GOAL OF THE EXERCISE: Without changing a word, repeat the data, and include no pictures.

DATASET SECTION:
━━━━━━━━

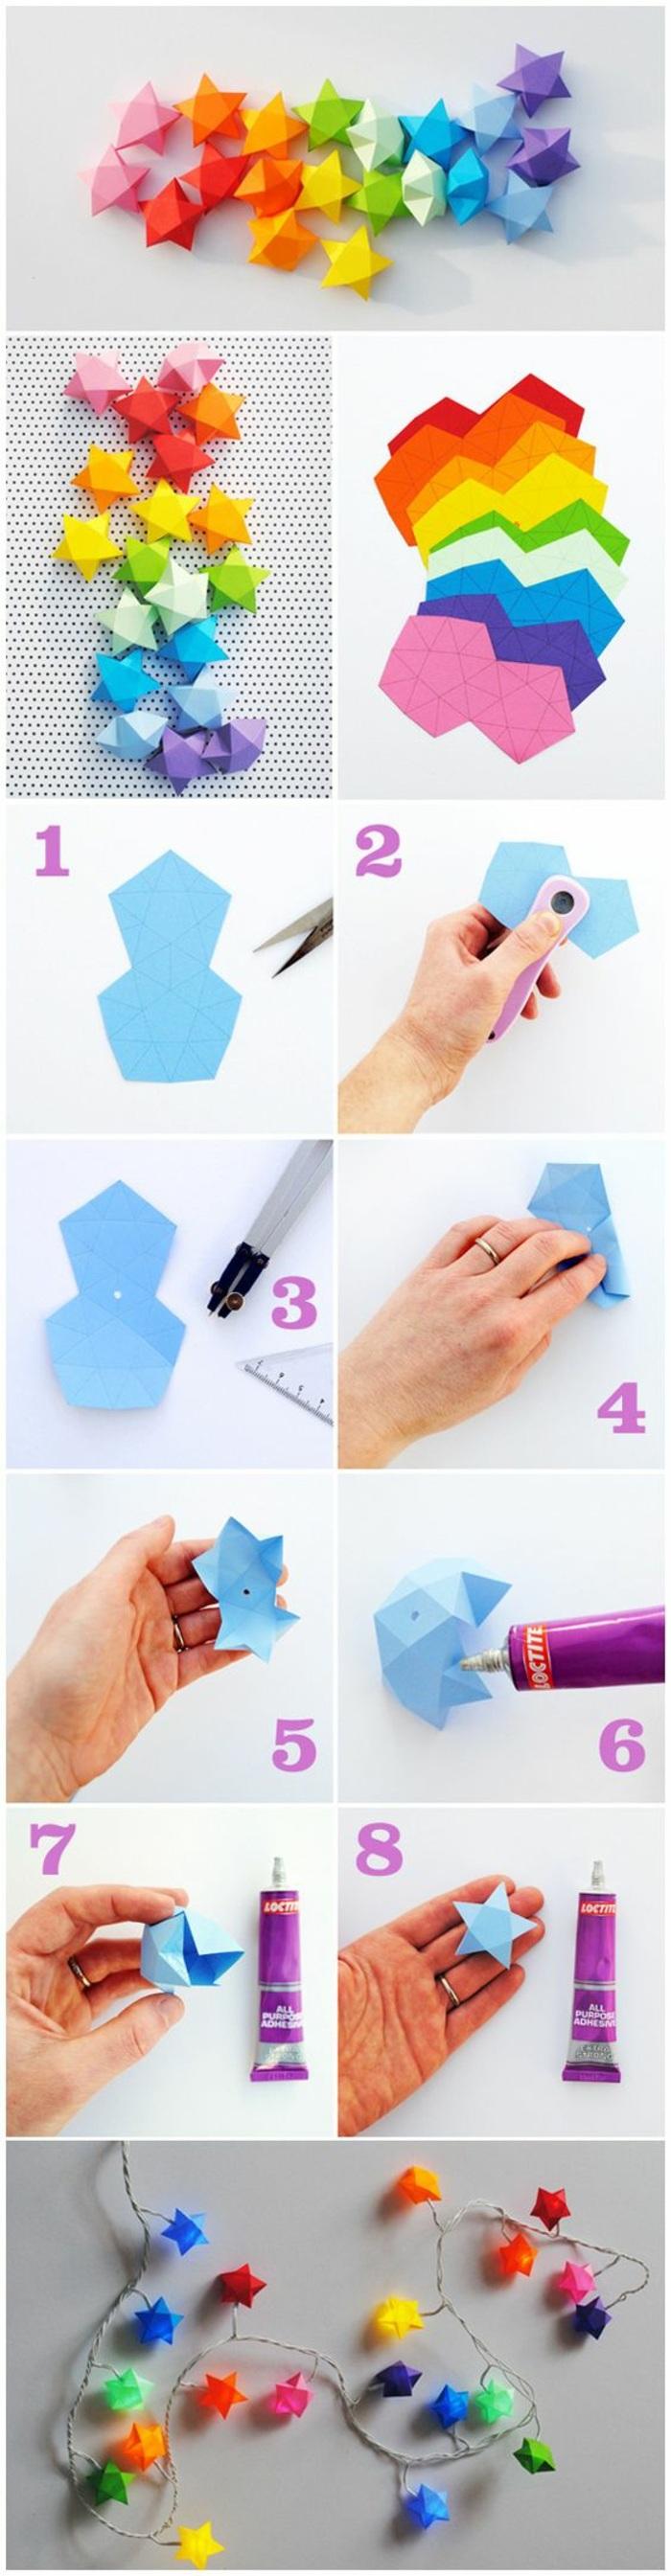 girlande selber machen, sterne aus buntem papier falten, kleber
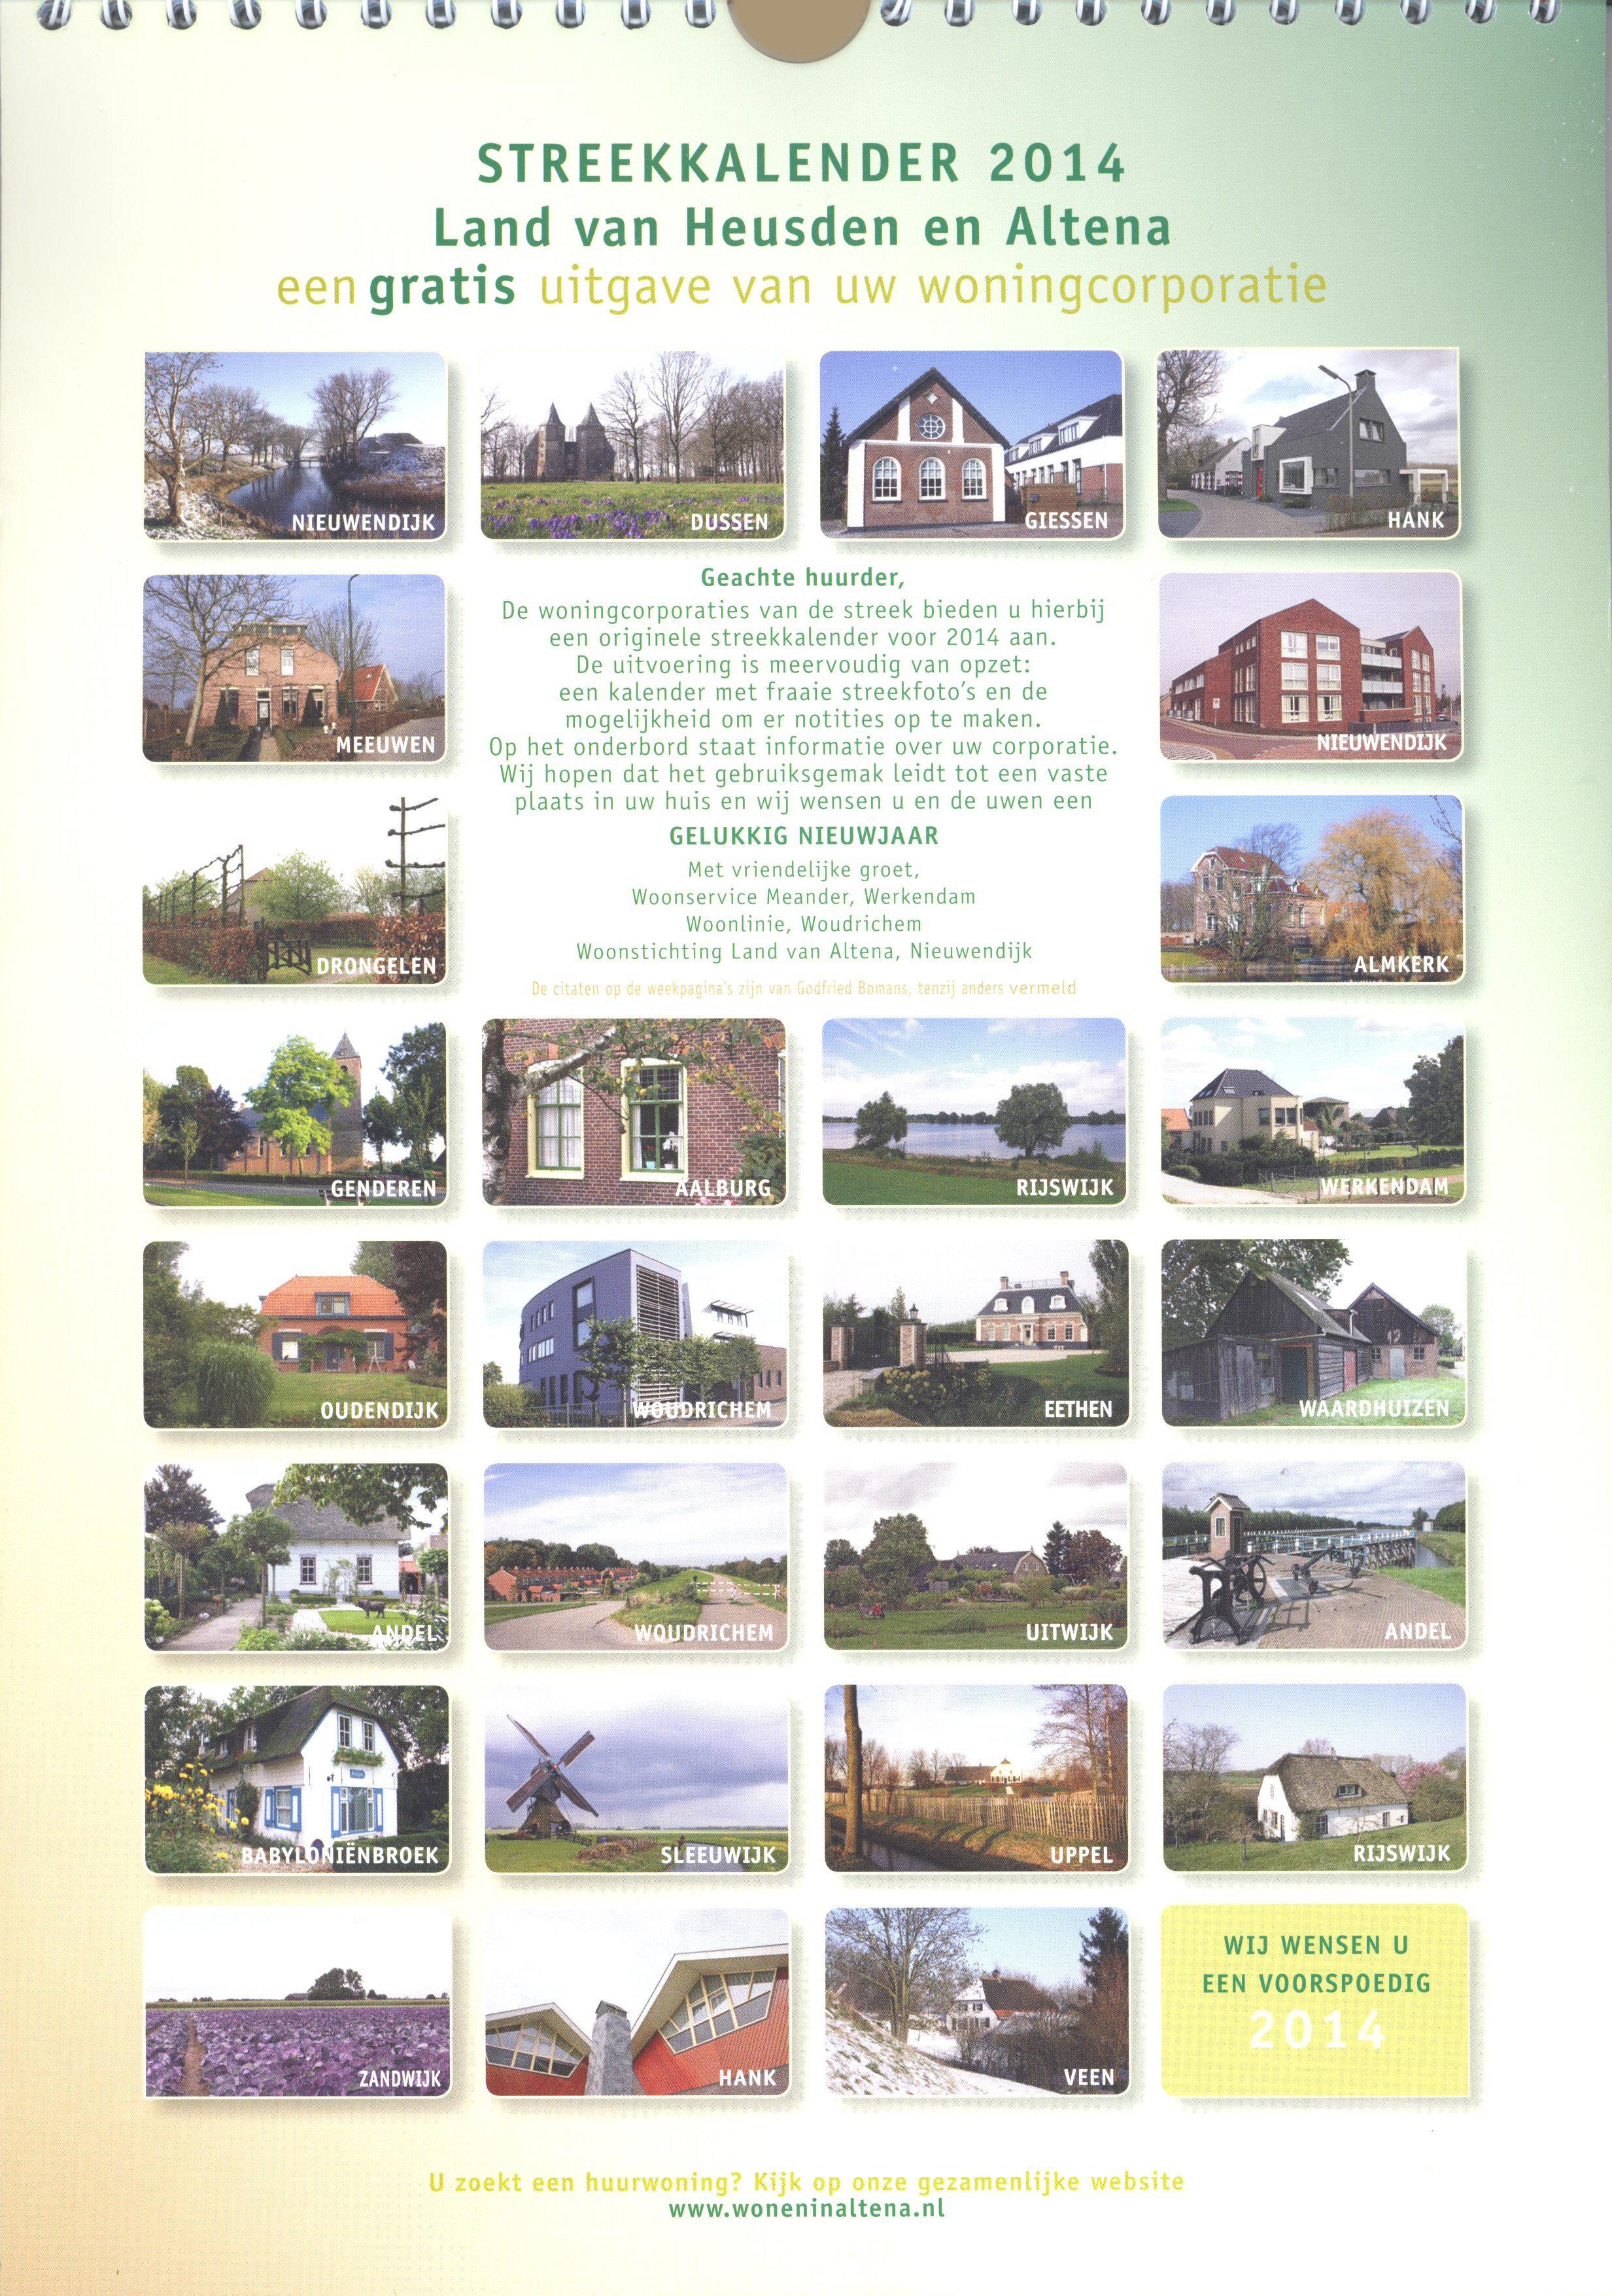 Kalender 005a Streekkalender 2014
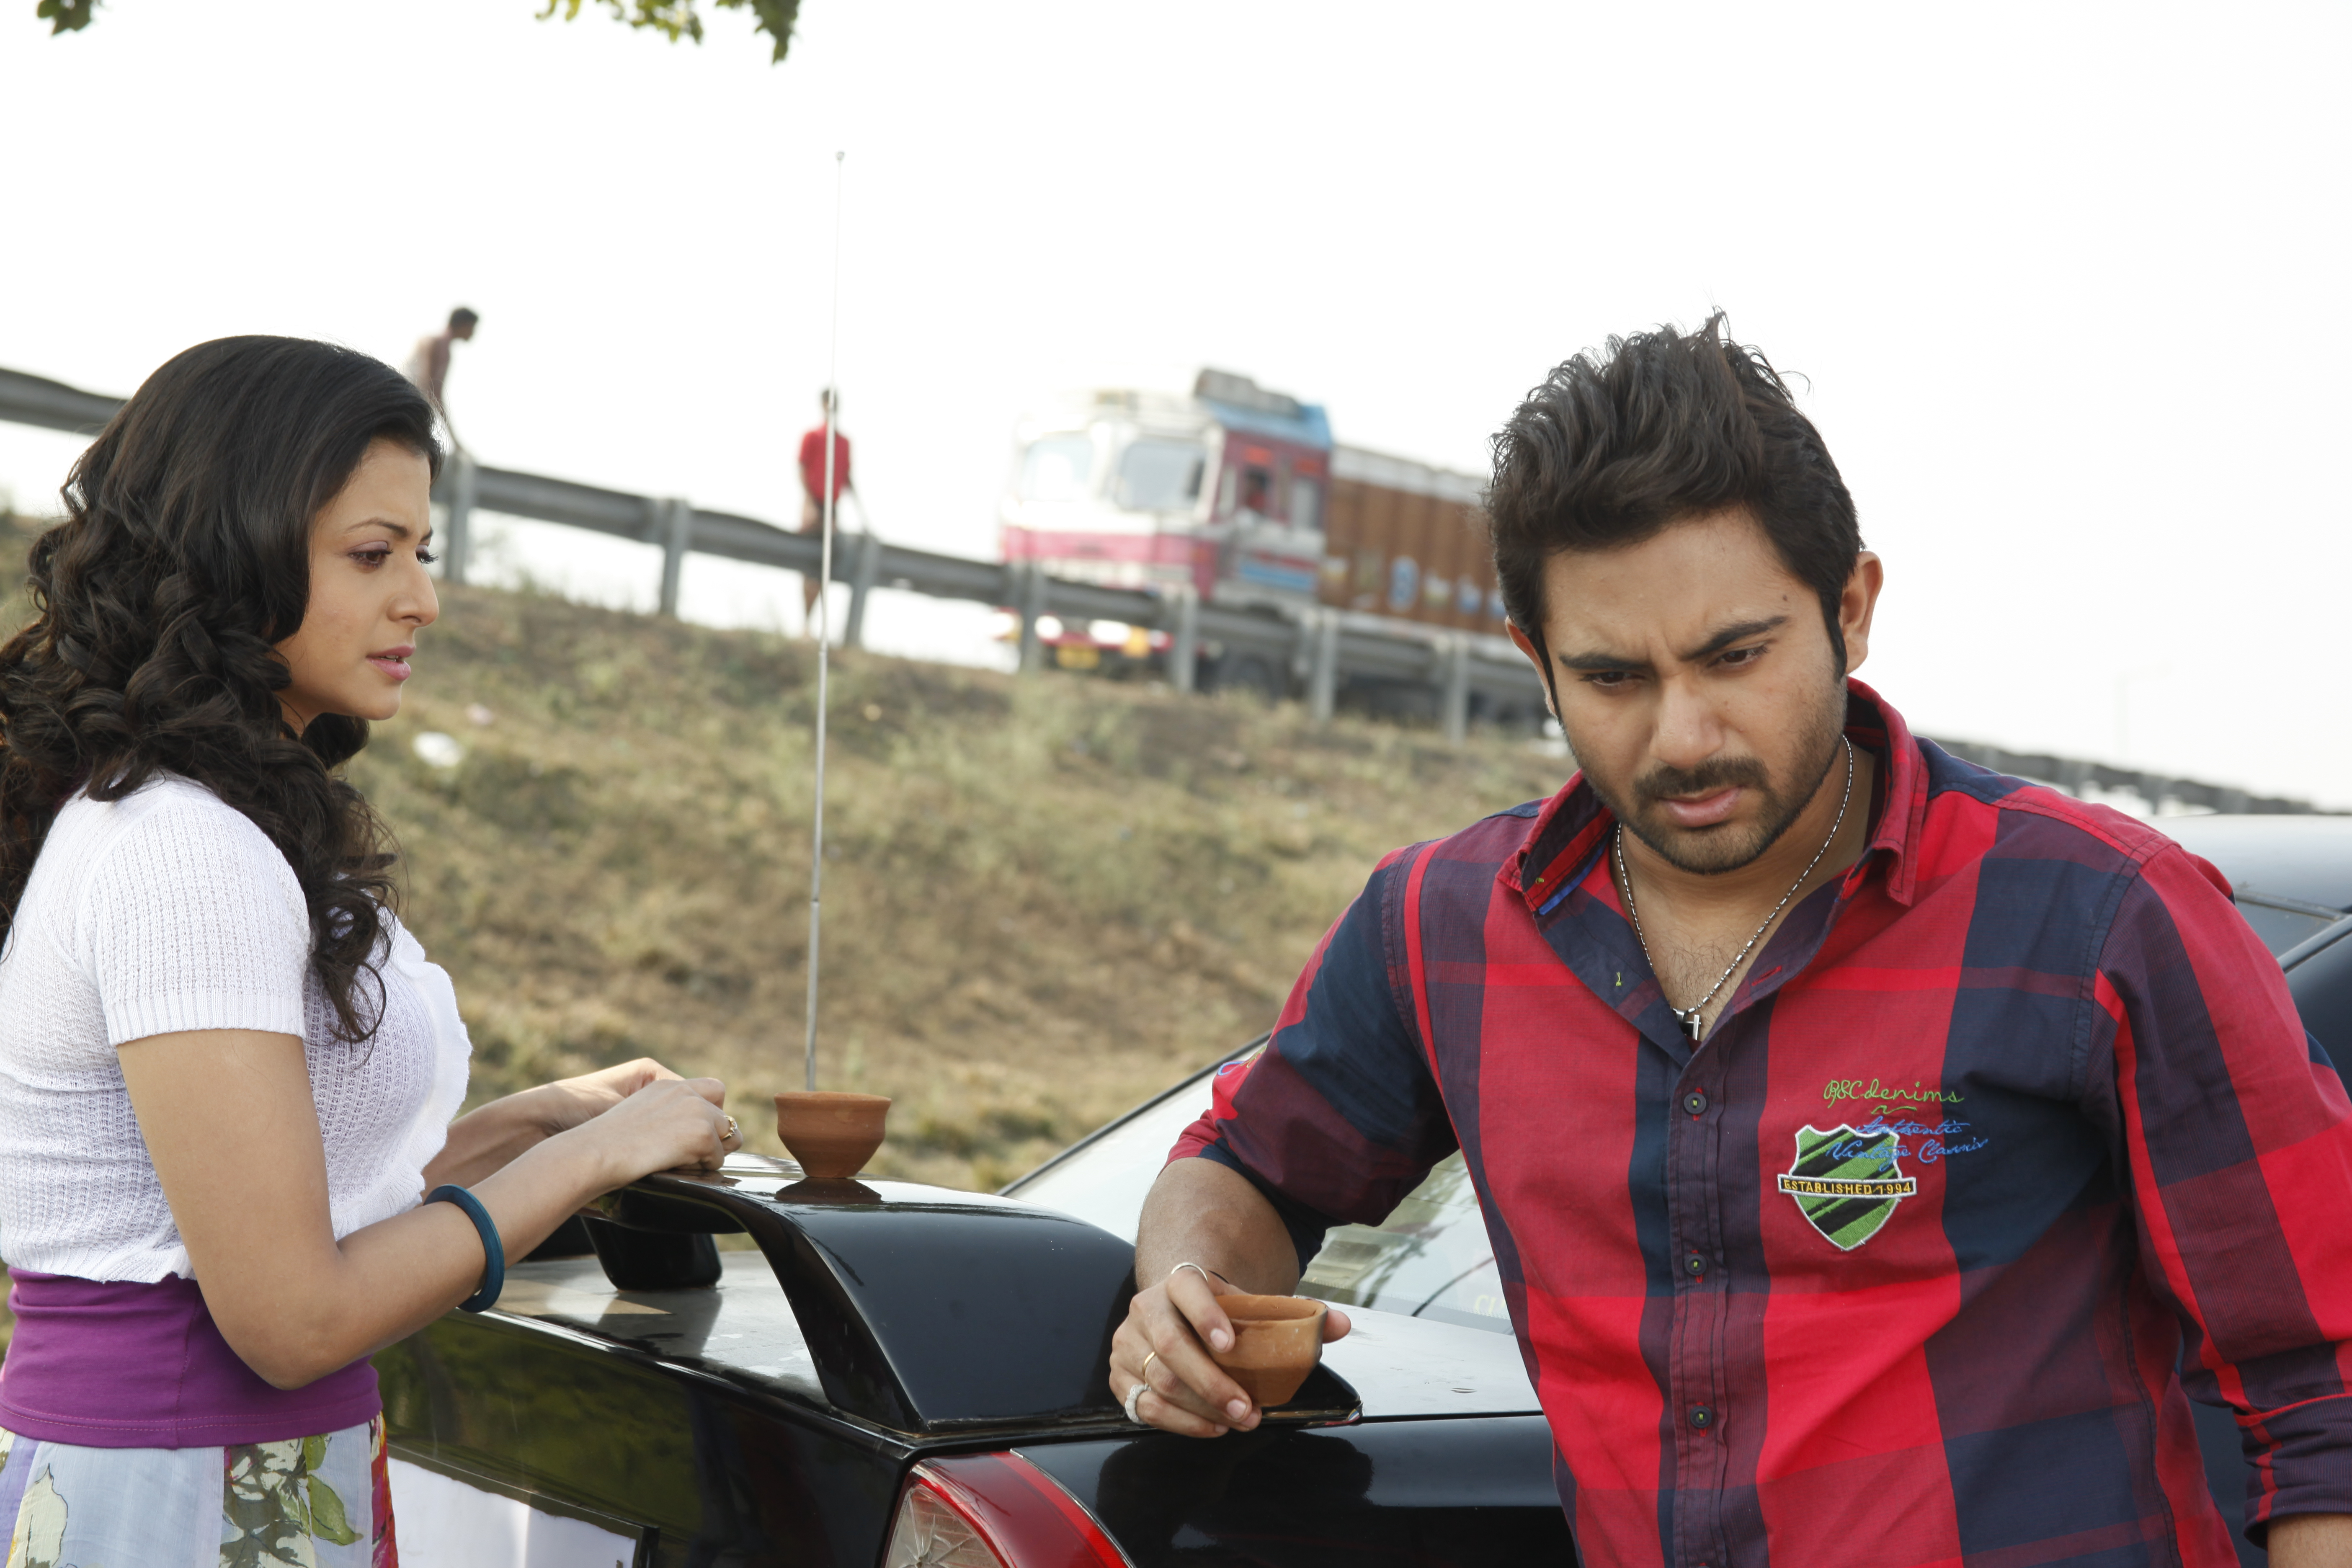 Soham Chakraborty and Koyel Mallick in Jaaneman (2012)

━━━━━━━━

ANSWER TO THE PROBLEM:
 girlande selber machen, sterne aus buntem papier falten, kleber
 Kalender 005a Streekkalender 2014
 Soham Chakraborty and Koyel Mallick in Jaaneman (2012)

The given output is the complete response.